Mask use is almost universal in public and is mandated for public transport. On Friday, the city reopened museums and libraries and also lifted a temporary ban on church services.

Despite the city’s success in combatting the virus, residents say they have changed their personal habits.

“I am definitely meeting friends less. Before I used to go out every day, and sometimes went to crowded entertainment spots. But now, we meet about twice a month,” said Seo Ji-eun, a 21-year-old researcher who lives in a satellite city but works in Seoul.

“We try to find places that are not well known and I do a lot more outdoor activities, like climbing mountains.”

Tokyo

After early panics about clusters aboard the cruise ship Diamond Princess and the northern island of Hokkaido subsided, Tokyo has, this month, emerged as Japan’s pre-eminent hot zone.

The densely populated city is on its highest alert phase and “infections are spreading.”

National policy has been to use public health centers to manage the virus by tracing clusters and to minimize stress on the health system by minimalizing testing.

There are also strict procedures to be followed by those who have Covid-like symptoms. Tokyo has published a flow chart and opened a telephone hotline to instruct those who believe they are infected on how to proceed to a testing and treatment location.

Japan’s capital has suffered a cumulative total of 10,690 infections.

However, concerns are rising as from early July infections have been increasing with clusters emerging in various premises, from bars to theaters. Cases hit more than 200 per day on July 9 and have been fluctuating, but largely rising since.

According to the city’s dedicated website, StopCovid, there were 237 on the 21st, 238 on the 22nd, a record 366 on the 24th and 260 on Friday.

Worryingly, some 142 cases have an unknown route of infection.

A total of 964 Tokyoites are hospitalized with the disease, 168 are receiving treatment at dedicated quarantine facilities and 392 are in home quarantine. This week, Tokyo Governor Yuriko Koike secured 2,400 extra hospital beds and reserved 2,000 rooms at hotels to be used as quarantine centers for patients with mild or no symptoms.
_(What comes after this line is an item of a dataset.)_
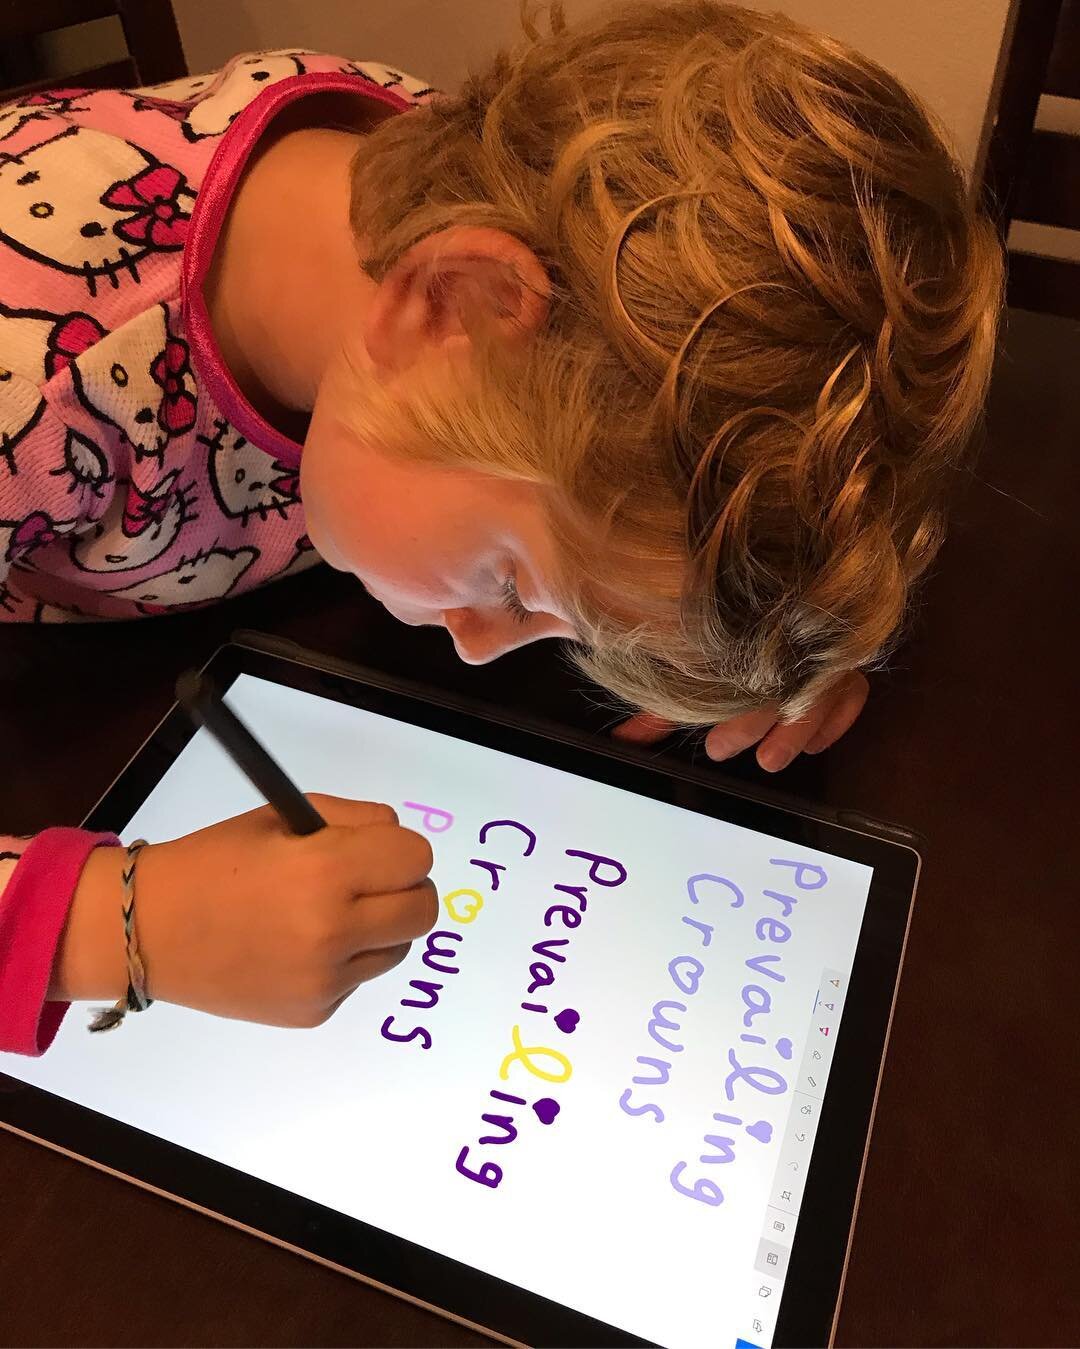 She&rsquo;s working so hard on making a logo for Prevailing Crowns.  I love how she came up with coloring the &ldquo;L&rdquo; gold all on her own!  She was having so much fun she came up with some inspirational messages.  What color do you like best?

There has been some disunity between Koike and her former political ally and current political opponent, Prime Minister Shinzo Abe. On Wednesday, Koike said that while it was uncertain if Tokyo was suffering a “second wave,” the city must prepare for it. But Abe said the current situation does not warrant a return to a state of national emergency.

Since March, Koike has been arguing for a more aggressive anti-virus policy than Abe. A nationwide state of emergency proclaimed by Abe on April 15 briefly granted Koike some additional powers and the city entered a mild lockdown.

But since Abe lifted the state of emergency on May 25, her ability to mandate strict measures has evaporated.

As a result, she has been reduced to urging Tokyoites to work from home, refrain from unnecessary travel and to avoid nightlife. But anecdotally, residents say life appears to be largely normal.

“It is 80-90% as usual,” a source told Asia Times on Thursday.

Even so, with Tokyo now home to more than one-third of nationwide cases, the city has been dropped from the nationwide “Go To Travel” program which was launched on Wednesday.

Under the program, the national government subsidizes approximately half the costs of summer vacations taken by domestic tourists who travel to Japanese destinations this summer.